→ **Dataset content**:
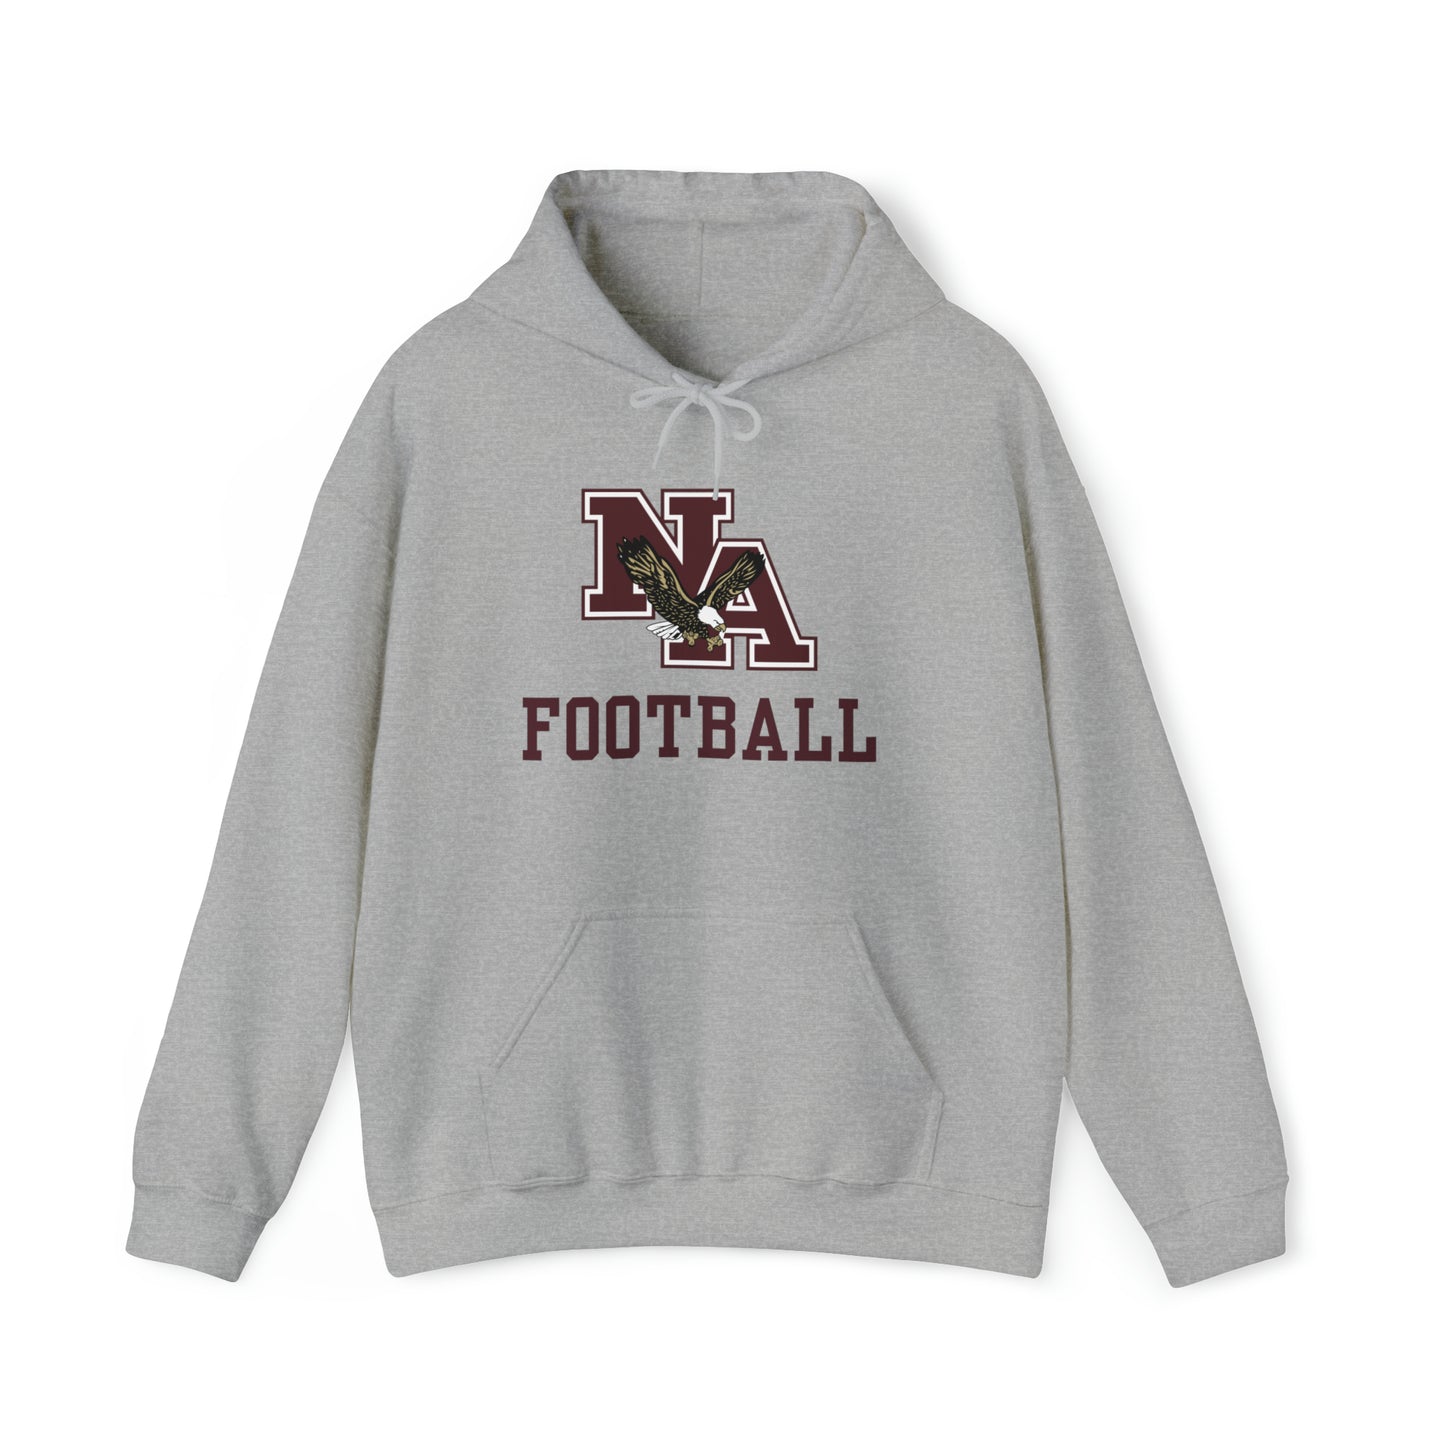 Adult Unisex Football Classic Logo Graphic Hoodie - New Albany Eagles
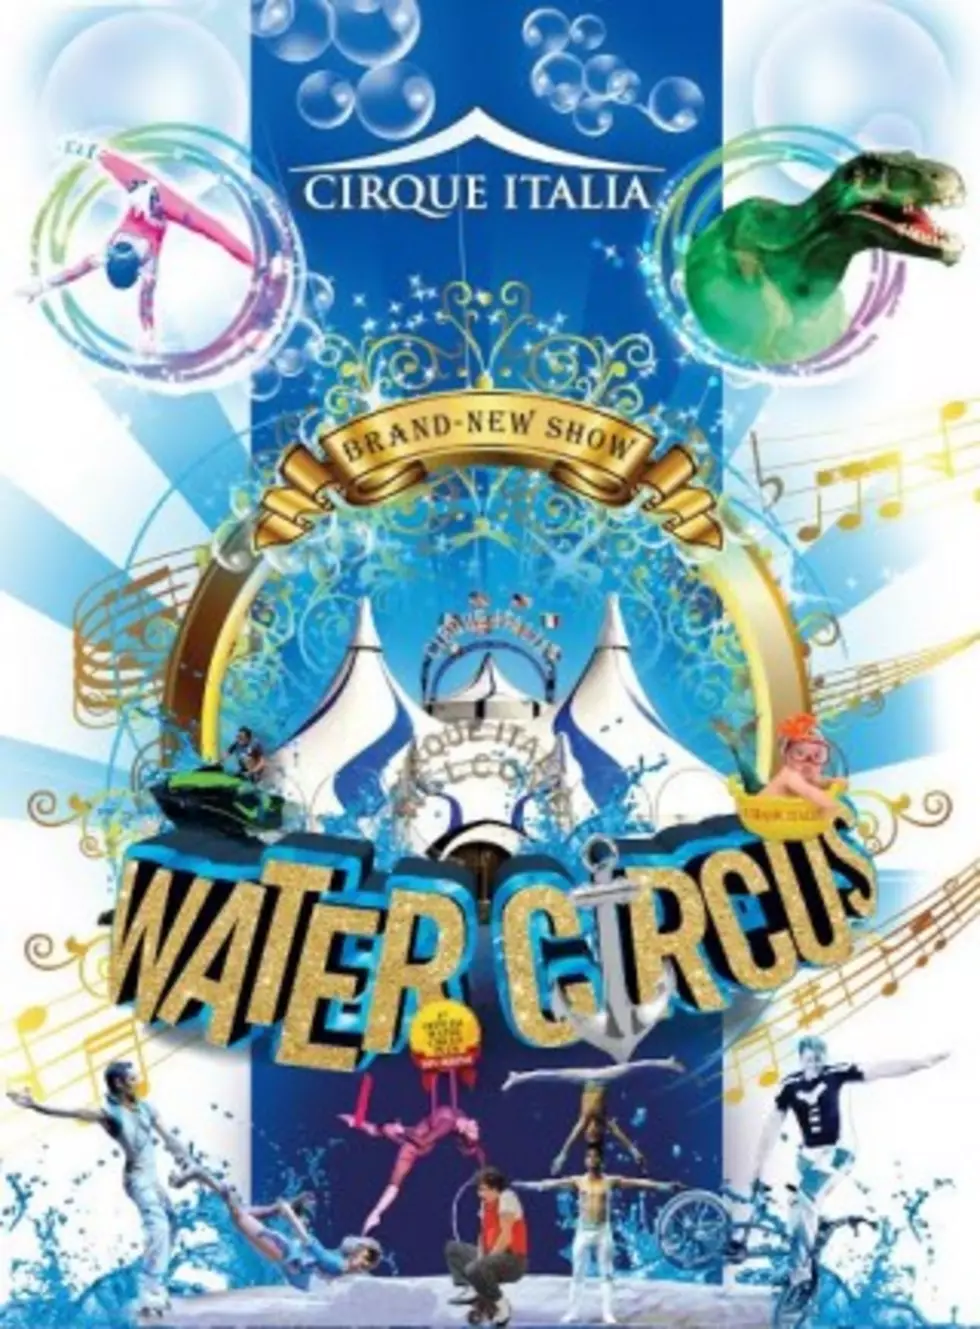 Cirque Italia Comes To Waterloo This Week!
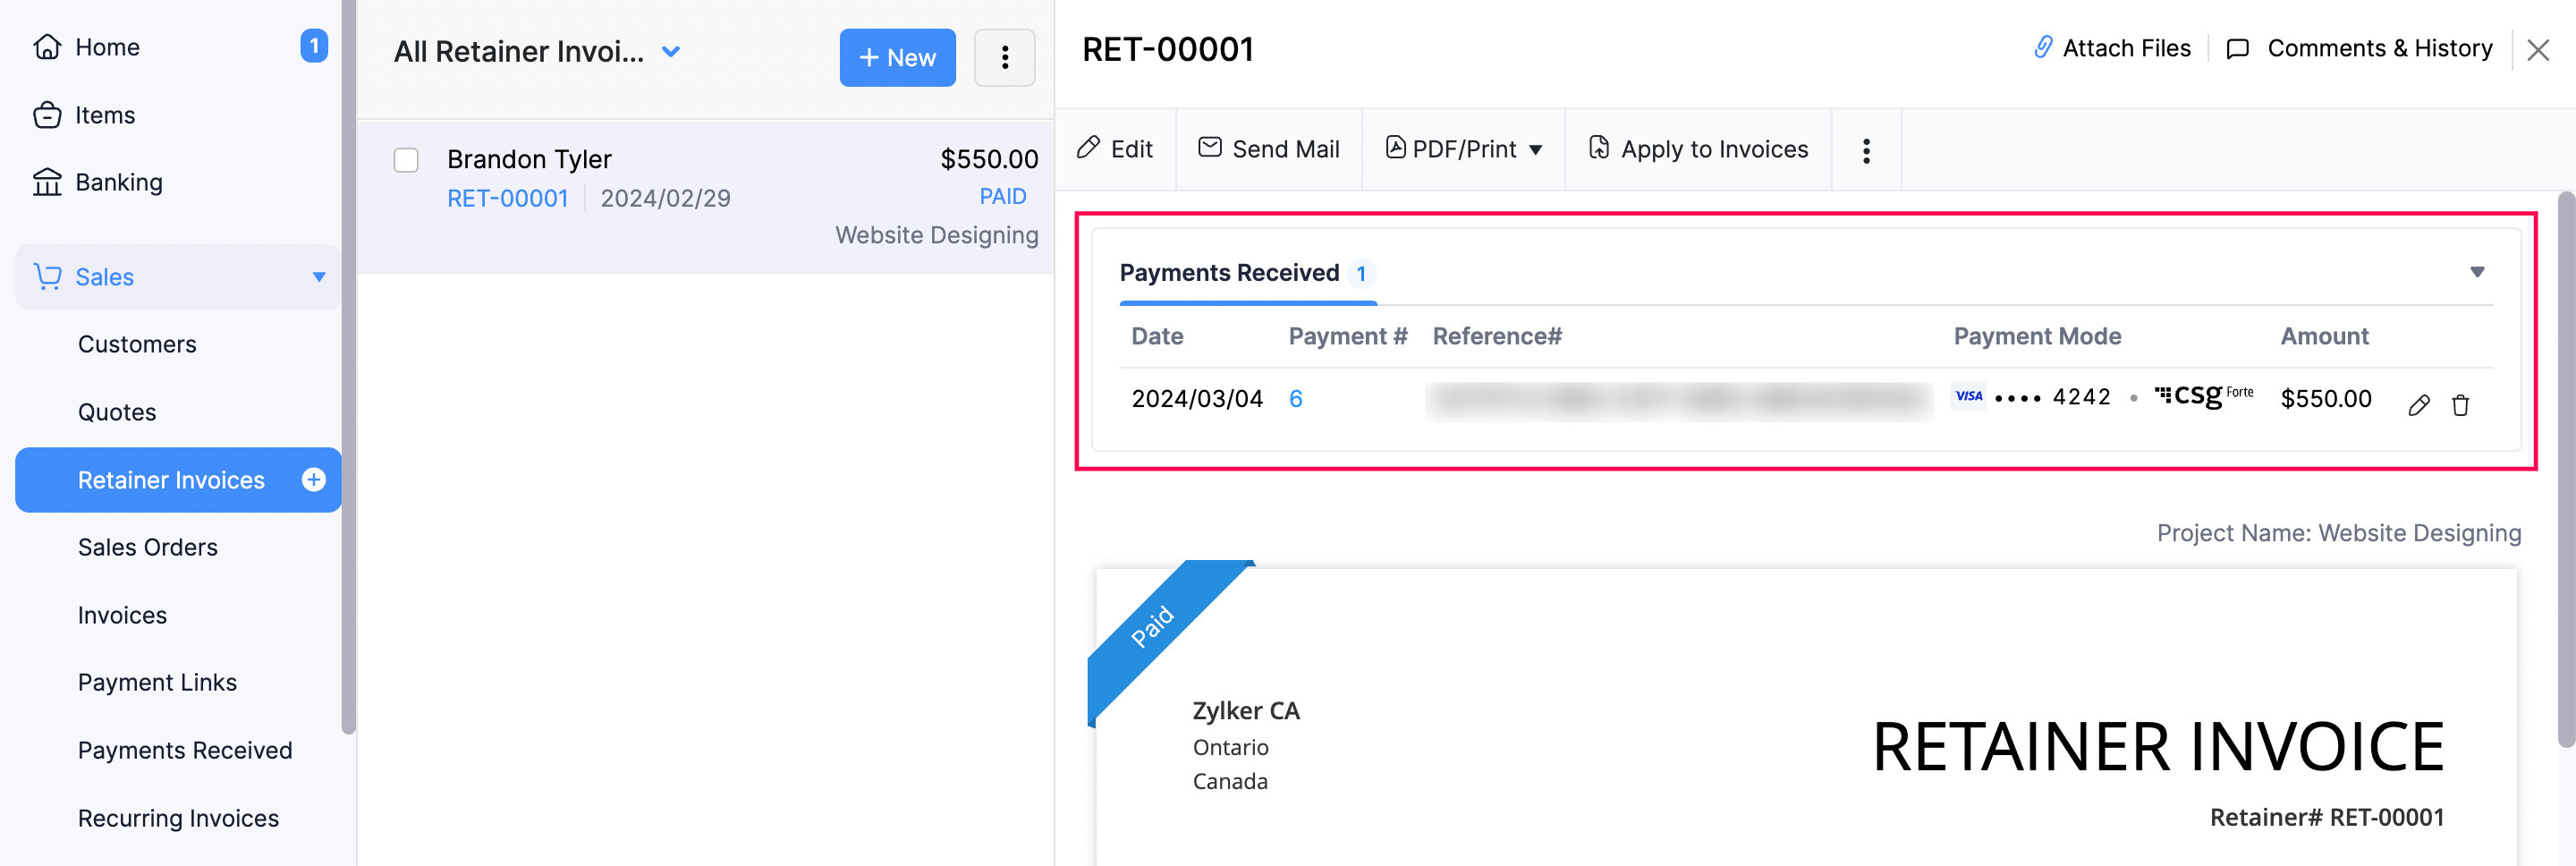 Payments Received section within a retainer invoice in Zoho Books
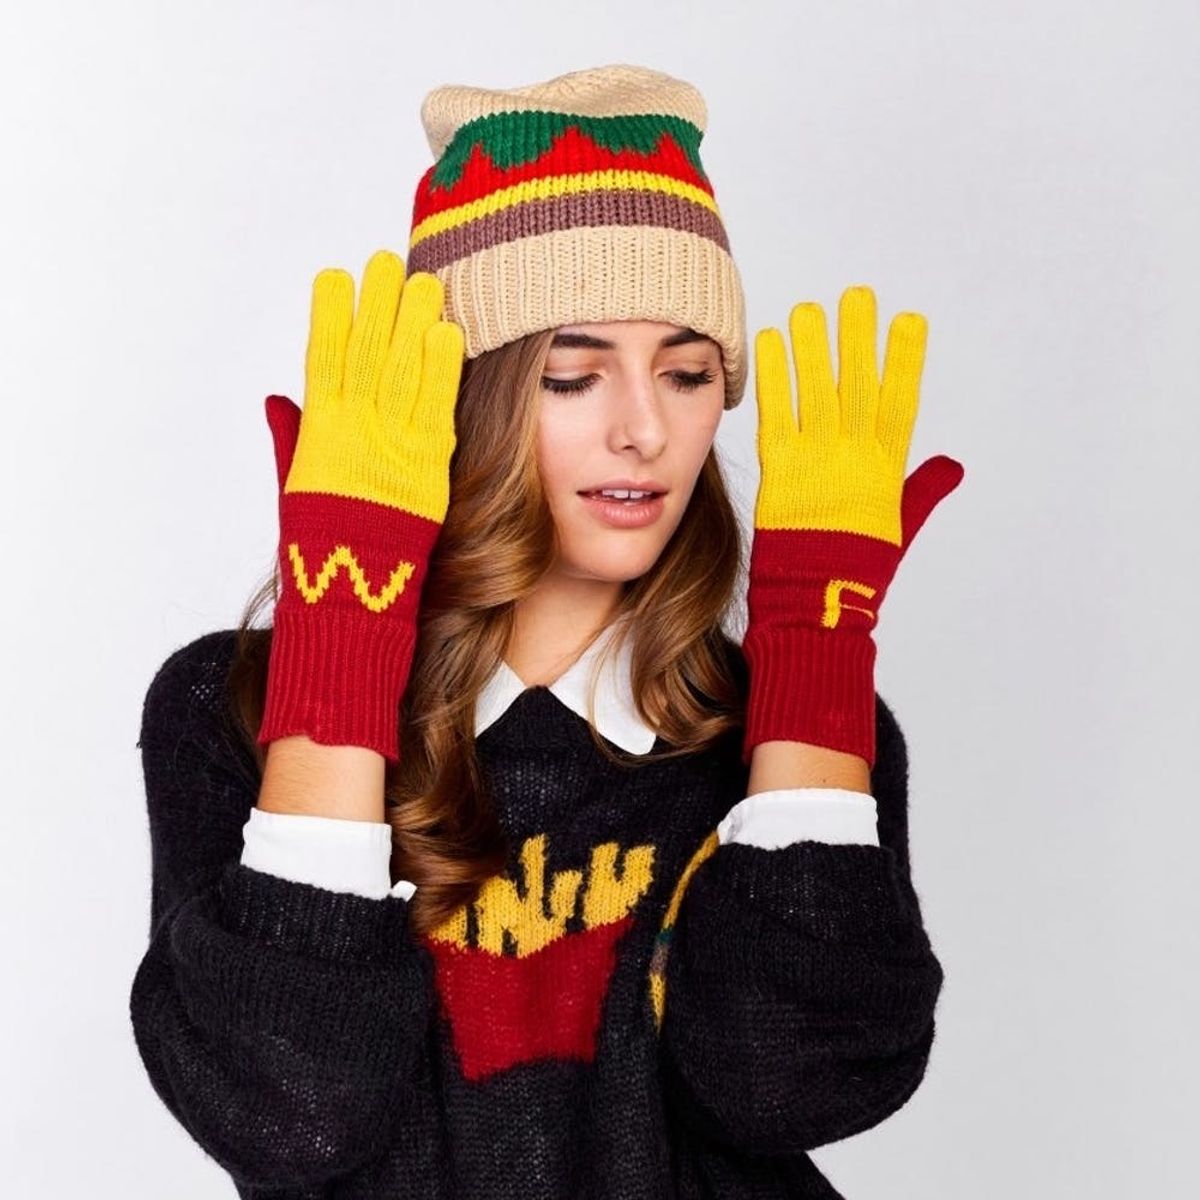 17 Cheeky Cold Weather Accessories That Will Make You LOL

→ **Assignment**:
Set down again, exactly, the lines from the one with "Cirque Italia Comes To Waterloo This Week!" to the last line of the data, both included and pictures excluded.

→ **Response**:
 Cirque Italia Comes To Waterloo This Week!
 Payments Received section within a retainer invoice in Zoho Books
 17 Cheeky Cold Weather Accessories That Will Make You LOL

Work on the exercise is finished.